EXERCISE DIRECTIONS: Below is a listing. Quote from it, exactly, the lines from the one containing "profilepic.jpg" down to the one containing "DIY Volvo Alternator", both ends included, and nothing else.

DATA SUPPLIED:
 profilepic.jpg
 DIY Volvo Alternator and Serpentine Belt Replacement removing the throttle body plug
...
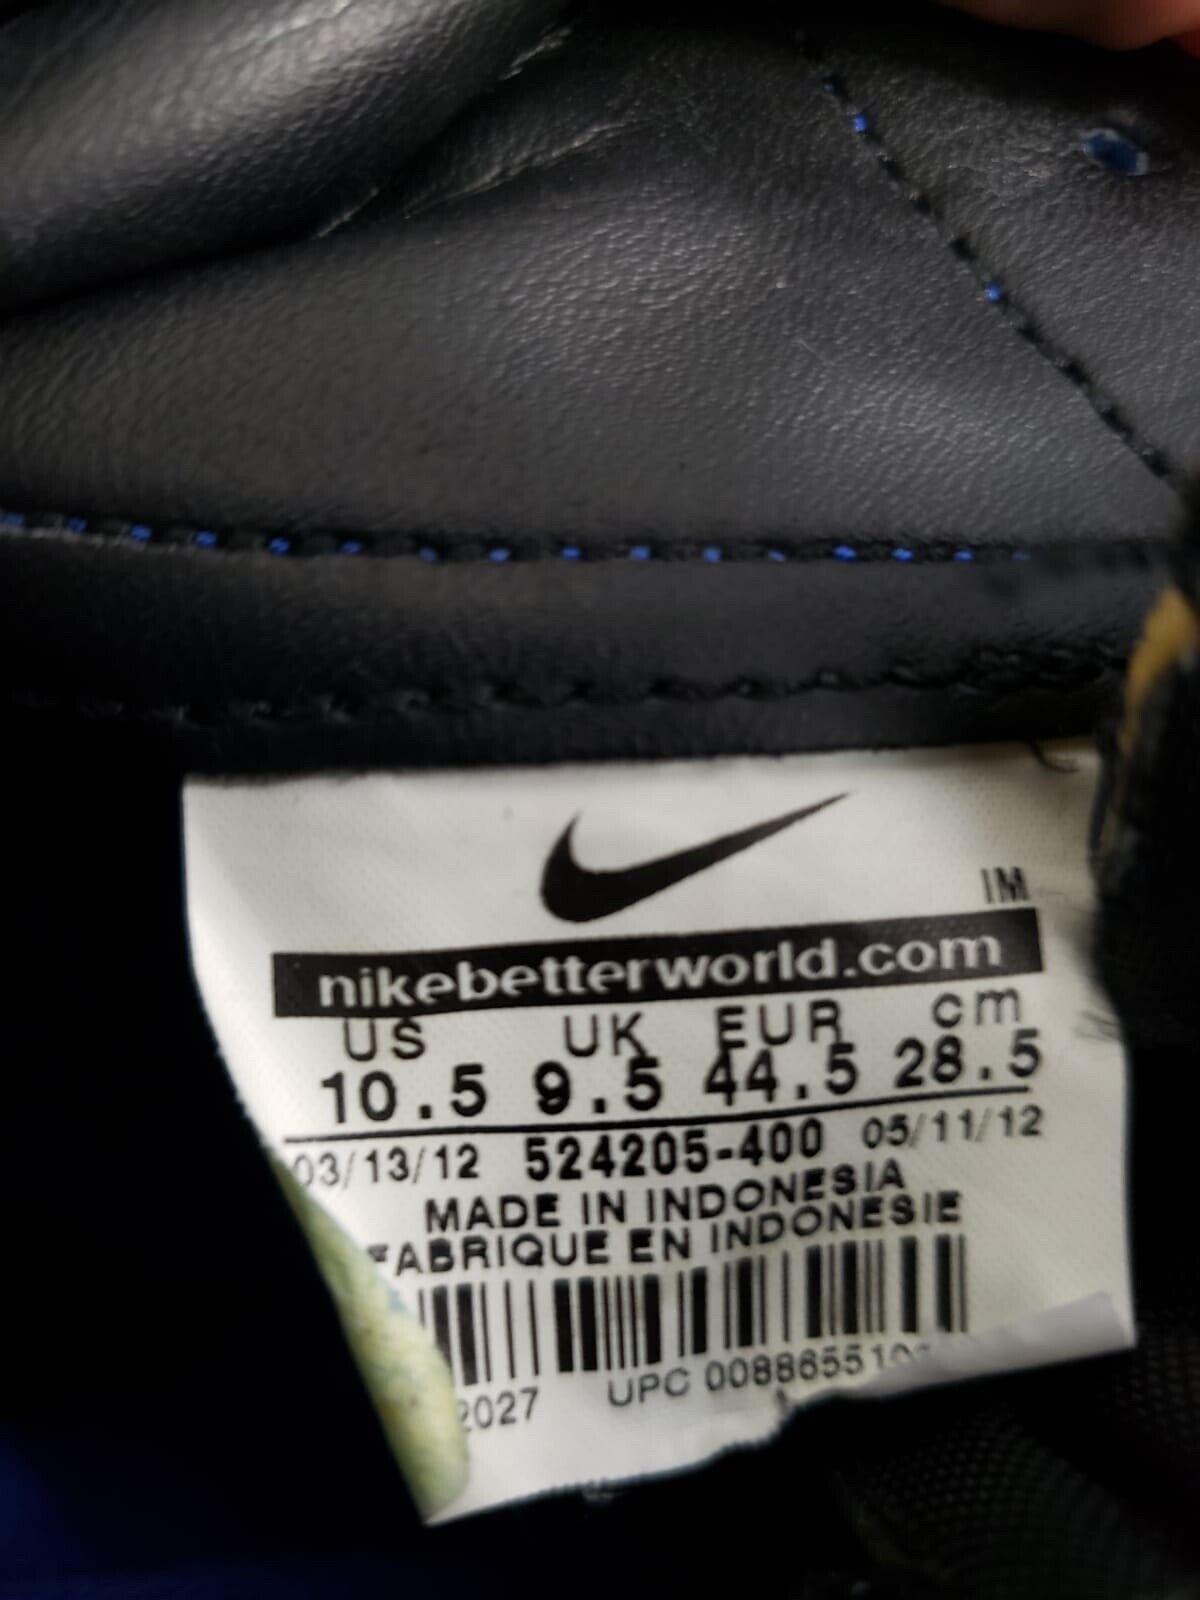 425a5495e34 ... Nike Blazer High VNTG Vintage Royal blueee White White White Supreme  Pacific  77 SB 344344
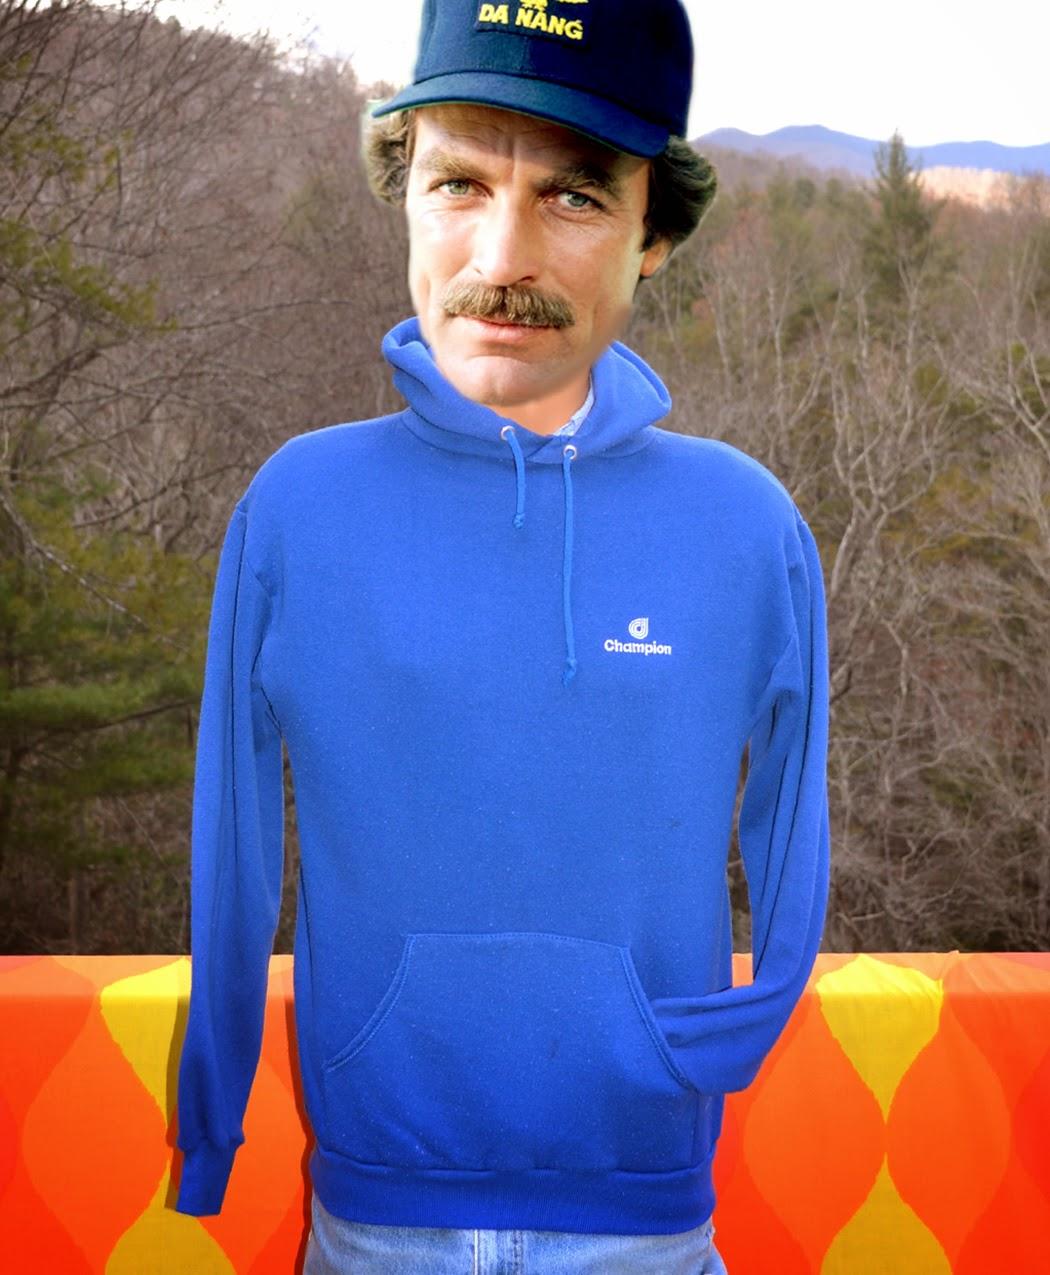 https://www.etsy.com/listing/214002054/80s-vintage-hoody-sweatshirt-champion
==
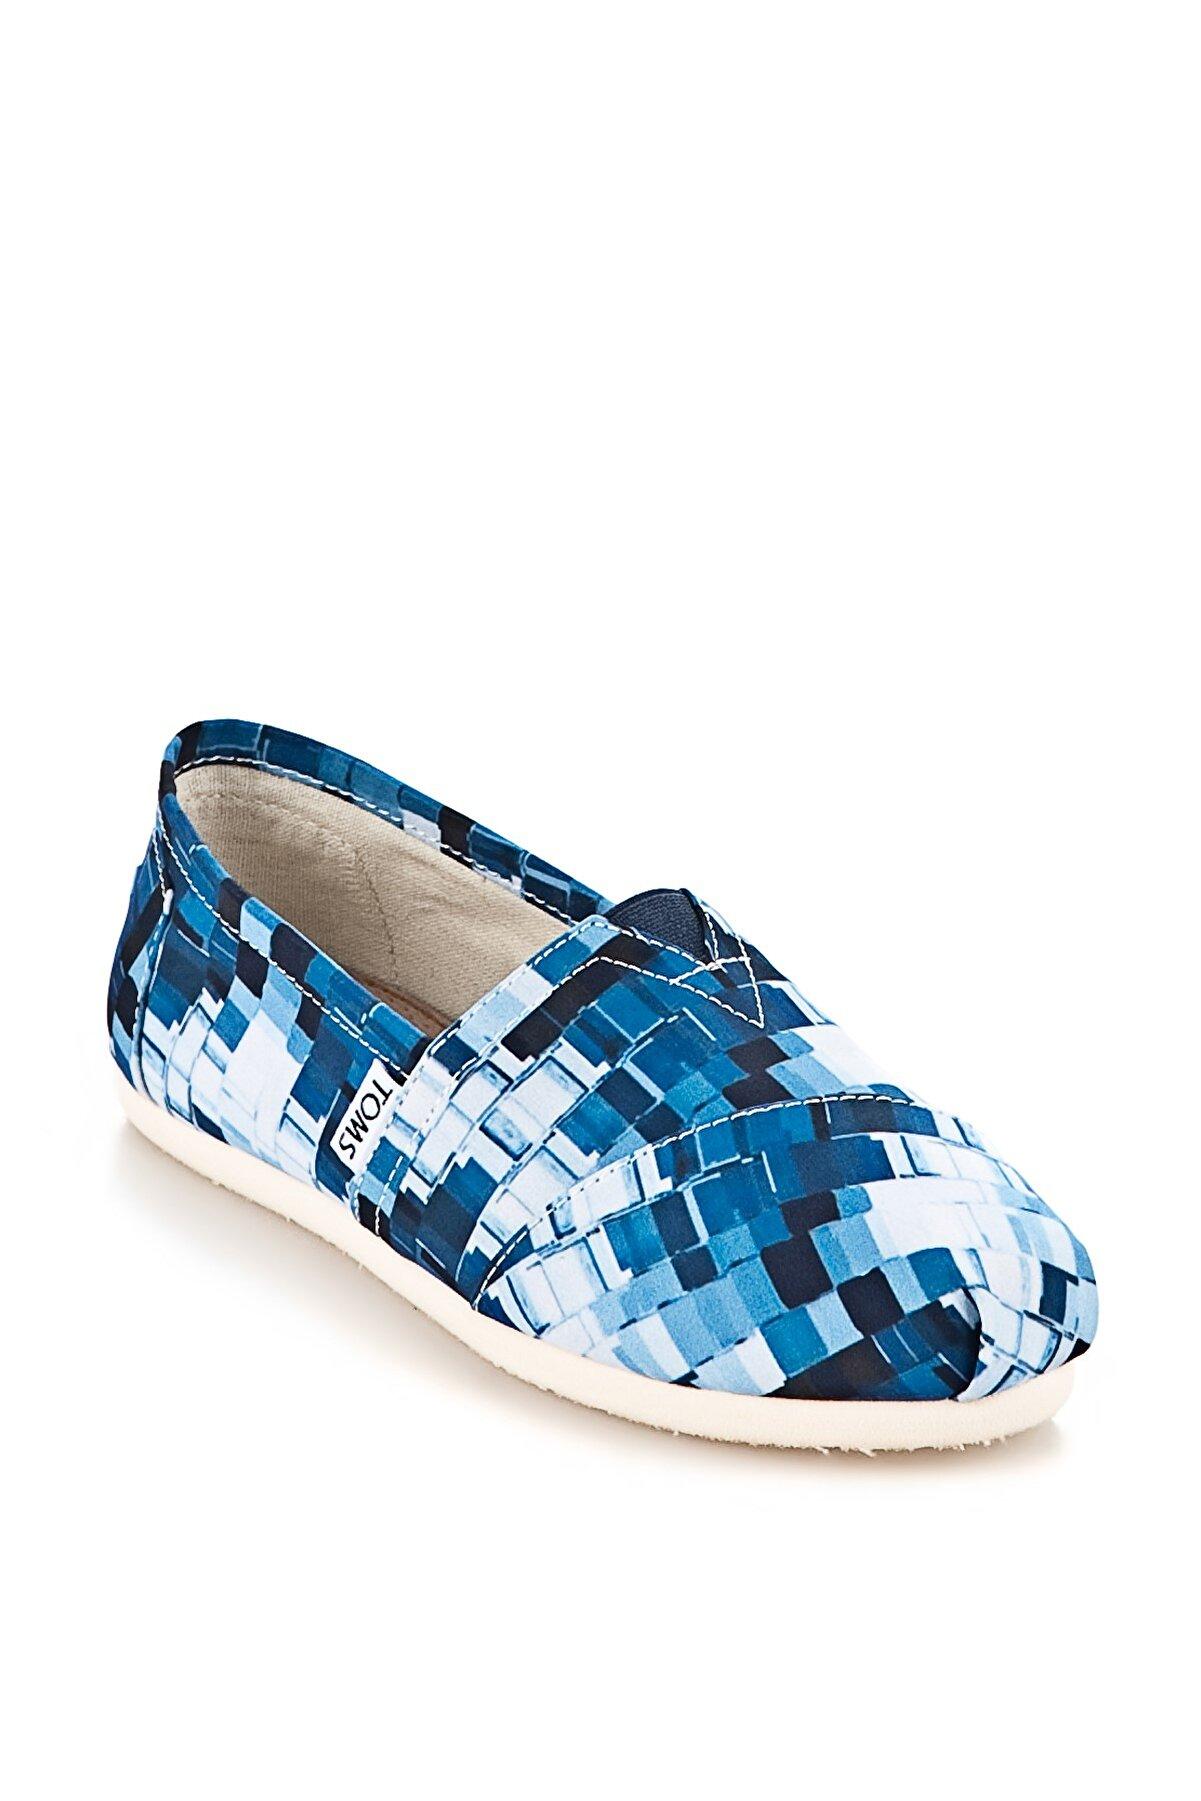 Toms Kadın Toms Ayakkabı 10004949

WRITTEN RESPONSE:
 profilepic.jpg
 DIY Volvo Alternator and Serpentine Belt Replacement removing the throttle body plug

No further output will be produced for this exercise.